The political benefits of M4A over competing proposals are described in more detail
here in this thread, and also
here and
here; the exaggeration of political risks of pursing M4A are discussed
here and
here. The subject of the transition process from our current system to M4A is discussed
here. See also:
https://pnhp.org/news/bluecross-blueshield-proposal-to-reduce-premiums-and-expand-access/
Don McCanne, M.D. (Senior Health Policy Fellow, PNHP)
...Now it is widely recognized that not even the Affordable Care Act is meeting the needs. People well informed on health policy understand that the single payer model has become the obvious solution that would ensure affordable health care for all, but some are ideologically opposed, willing to sacrifice the suffering of others in order to reduce the role of government, and others are opposed because of the impact on the vested interests, especially the private insurers and the profiteers such as the pharmaceutical firms...
https://thehill.com/blogs/congress-blog/healthcare/433444-why-medicare-for-some-is-the-wrong-idea
...Let's get real: Commercial insurance is the biggest threat to health care choices and our freedom to receive the health care we need. Employers choose our insurers, and the insurers restrict the providers we can use, the treatments we can receive, and the prescription drugs we can take. Every year, we can be forced to change provider networks, benefits, out-of-pocket costs and, often, insurers. If we change jobs, every aspect of our health insurance changes. And, we are left to fend for ourselves if we leave the job market.
No one loves Aetna, Anthem or any other insurance company. What we love – and what we need – is the freedom to get care from the doctors we want to see at a price we can afford. Medicare for all guarantees all Americans access to health care, with freedom to see the doctors we want, throughout our lives, wherever we live, wherever we work and whenever we are out of work. That's about as pragmatic as it gets.
Maybe the "pragmatists" are concerned that we lack the votes in Congress to pass Medicare for all or that the commercial interests with a stake in maintaining the status quo are too powerful to overcome. That might be right. The health care industry is flush with cash, and insurers use campaign contributions to wield
substantial influence in Congress. As we learned in 2009 and 2010, the health insurance industry will fight hard to retain its place in the health care system.

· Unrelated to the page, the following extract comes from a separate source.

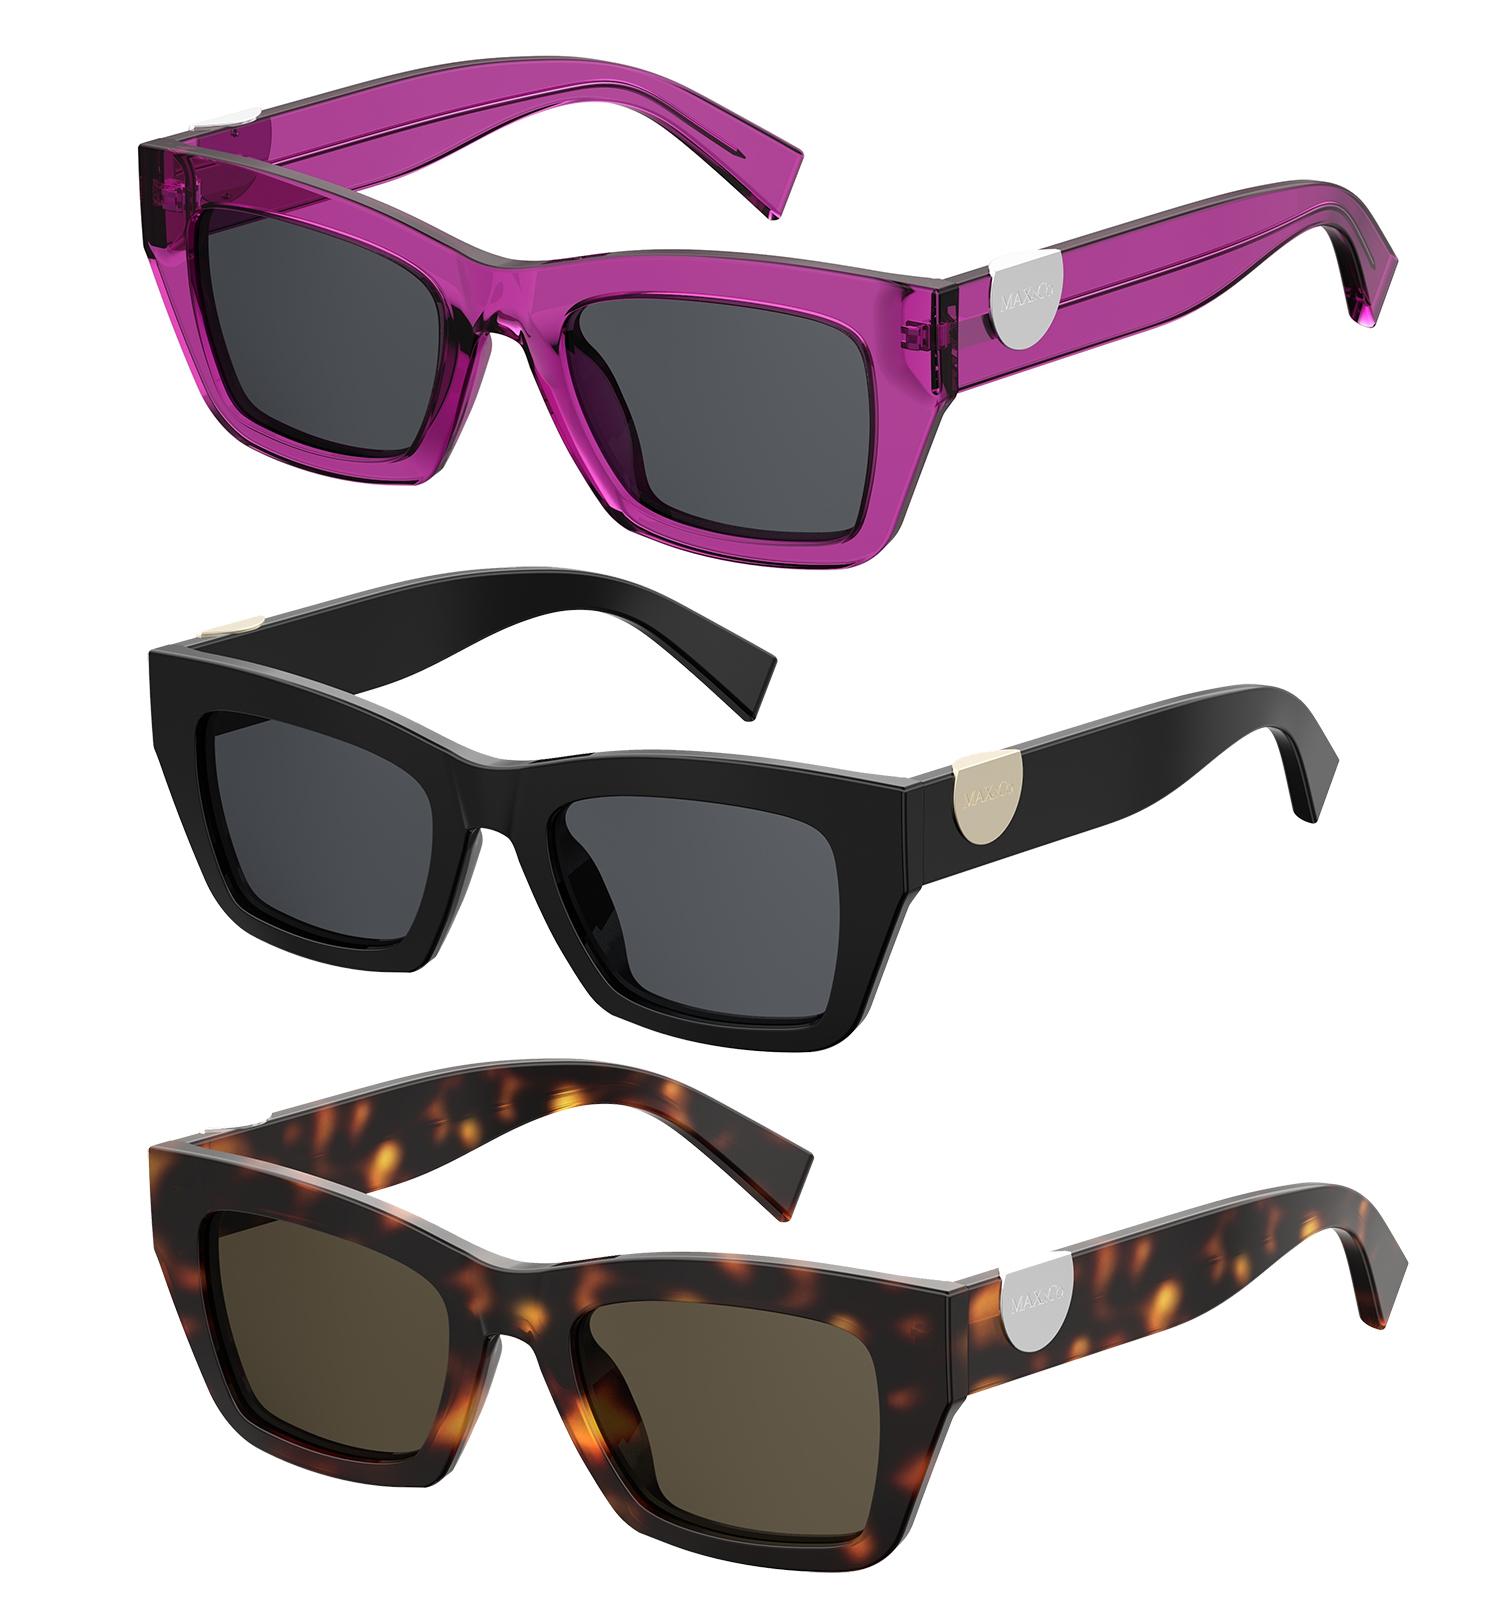 24e00e60d5 Αυτά τα ρετρό εμπνεύσεως αλλά απόλυτα σύγχρονα γυαλιά ηλίου και οράσεως

But fixing our broken commercial health insurance system is too important to leave to the politicians or to the insurance industry. The American people deserve a frank conversation about how we can guarantee access to health care as a right in this country. That conversation does not begin with Medicare for some. It begins – and ends – with Medicare for all...
https://twitter.com/wendellpotter/status/1105529272402350081
When I was working for the health insurance industry, we considered these right-wing think tanks our business partners. They got plenty of funding, and we got plenty of research that worked out in our favor. More on that here: Link. The good news is, even making some pretty absurd assumptions about cost, Mercatus still found that #medicareforall would save $2 trillion over 10 years compared to current healthcare spending: Link.

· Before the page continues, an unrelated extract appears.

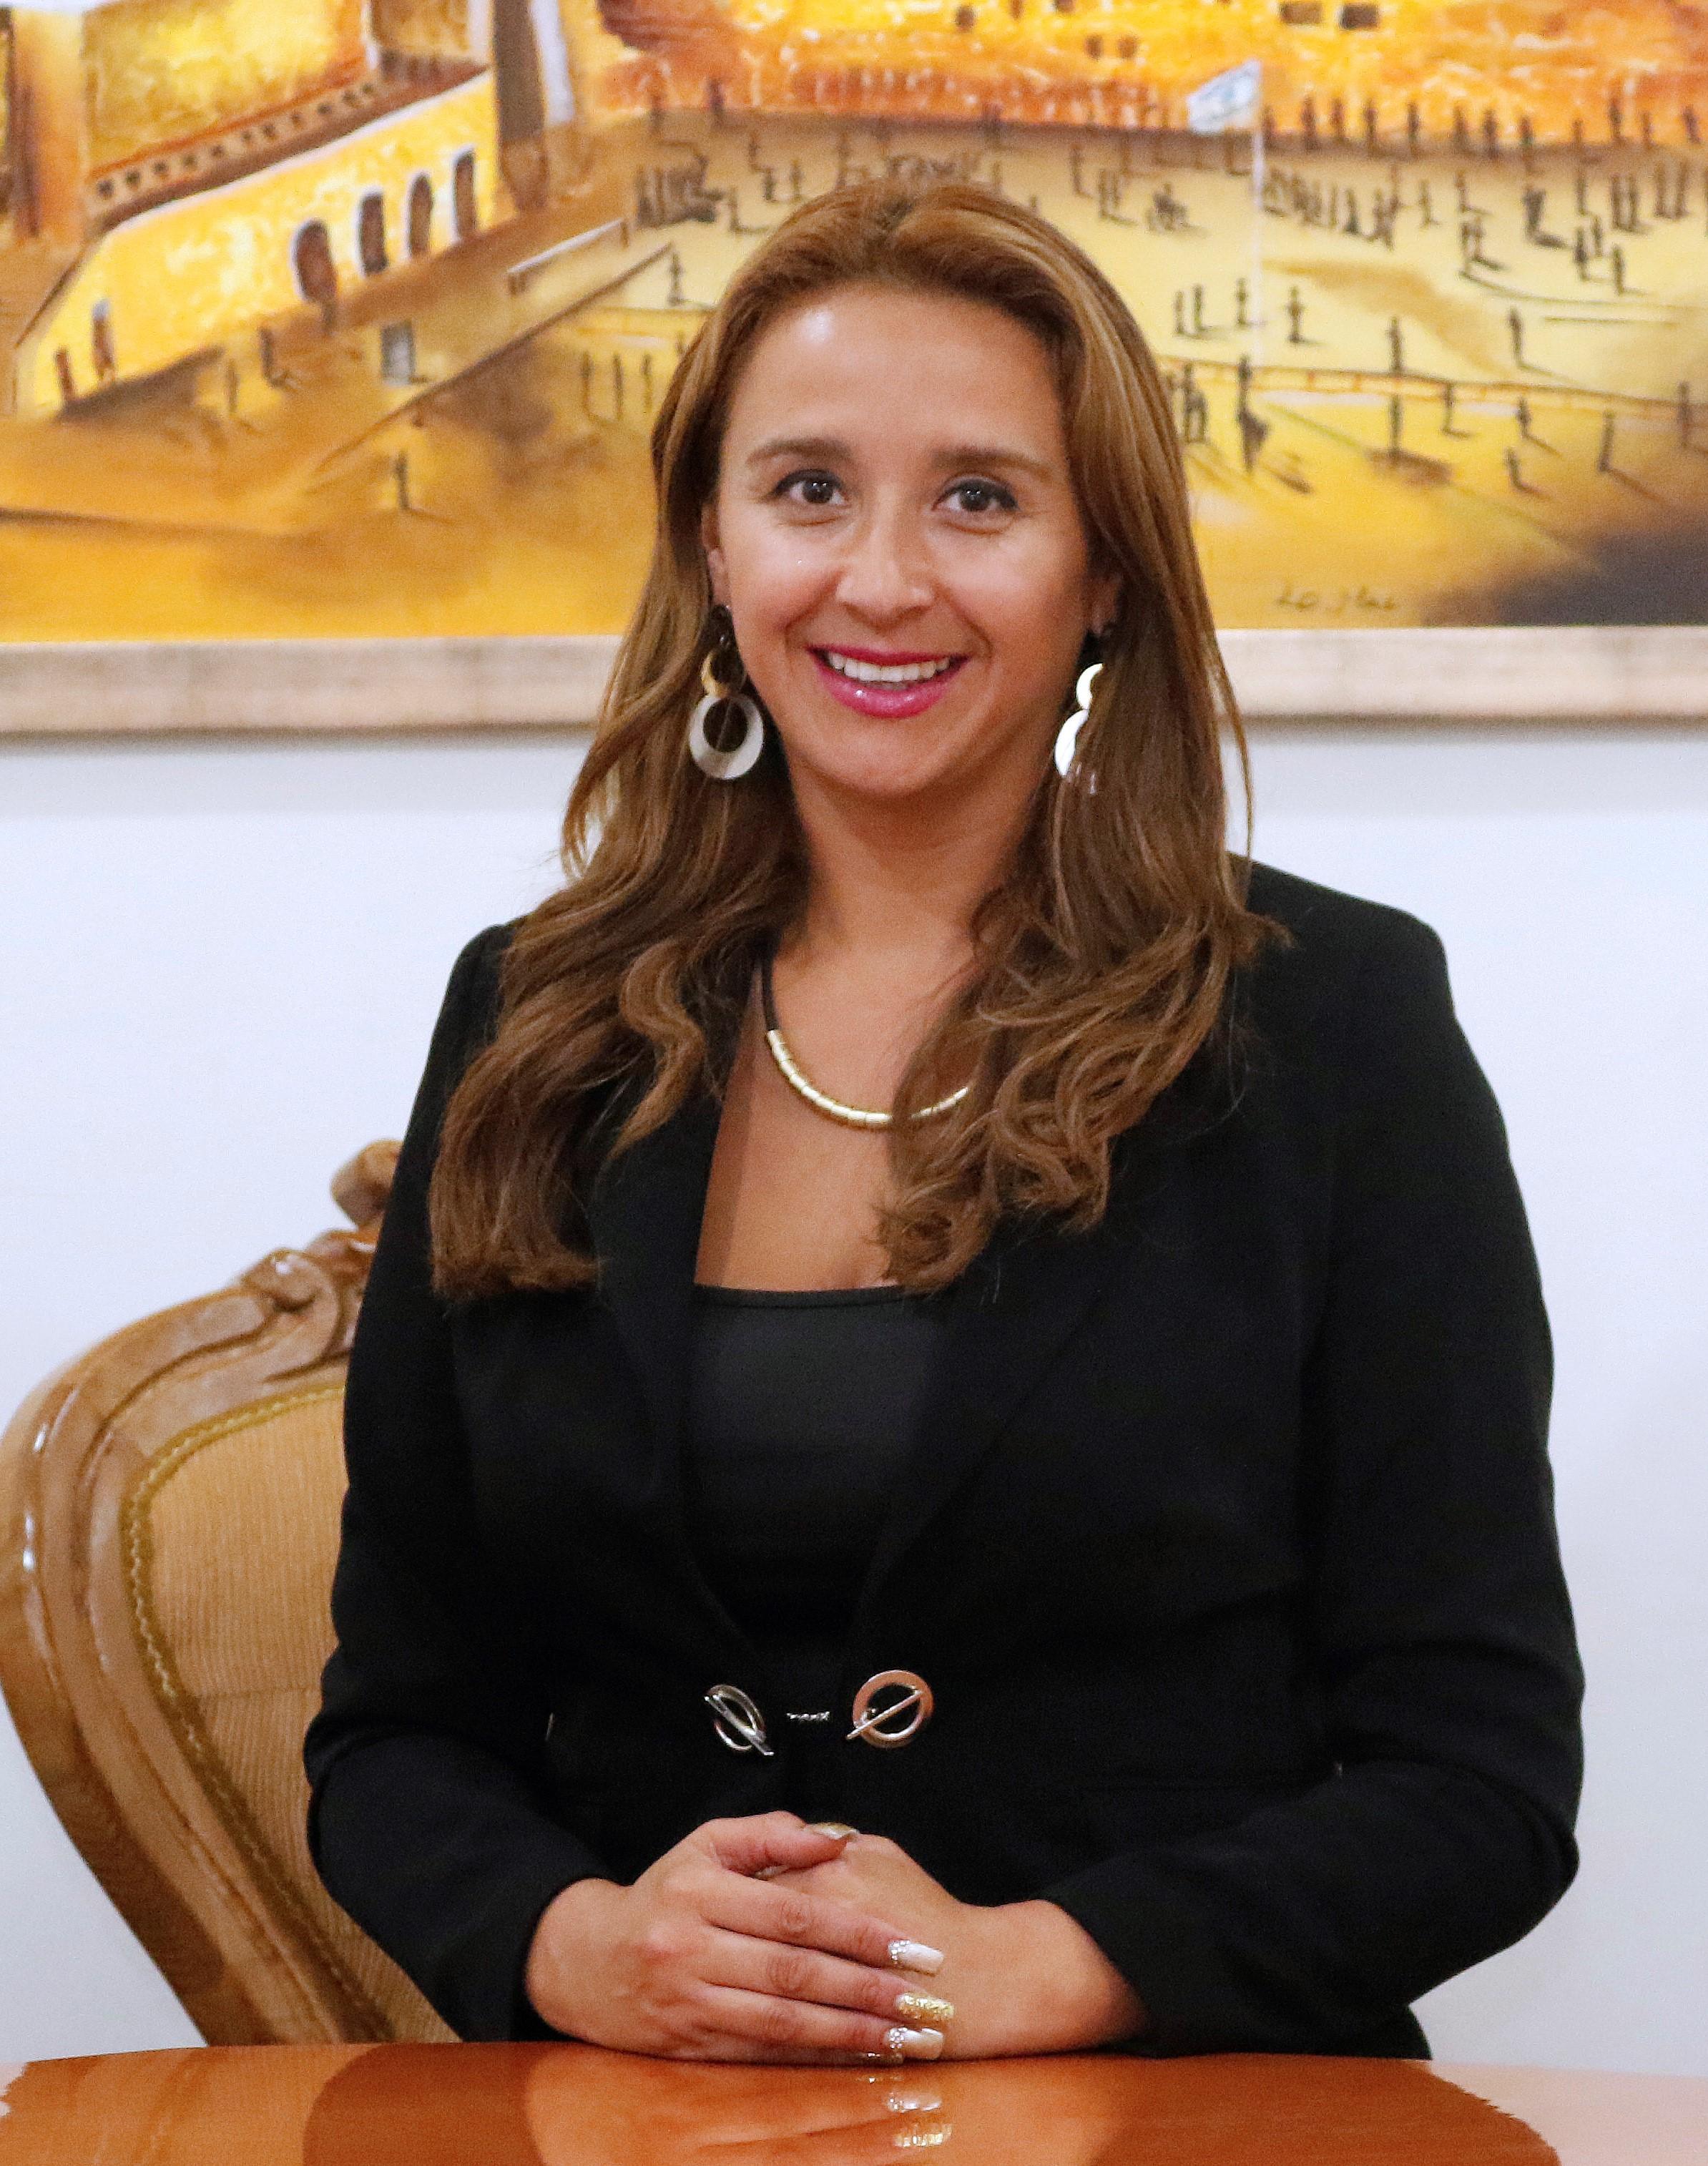 VICEPRESIDENTE Katherine Torres Machuca, Alcaldesa de Hualpen

EDIT: For political cover, it looks like
Pete is saying we can keep Medicare Advantage.
"If the framework we're using is Medicare, a lot of people who have Medicare also have Medicare supplements, Medicare Advantage, something like that..." It's certainly an understandable position for him to take from a political perspective, but it's not clear that it's necessarily the best one (even from a political perspective of selling Medicare for All); and there are obvious problems with the substance of that position, as mentioned
here. He's certainly right to emphasize that supplemental policies could exist under M4A, but that would be quite a different role for private insurers from the one they currently have under the current Medicare Advantage program.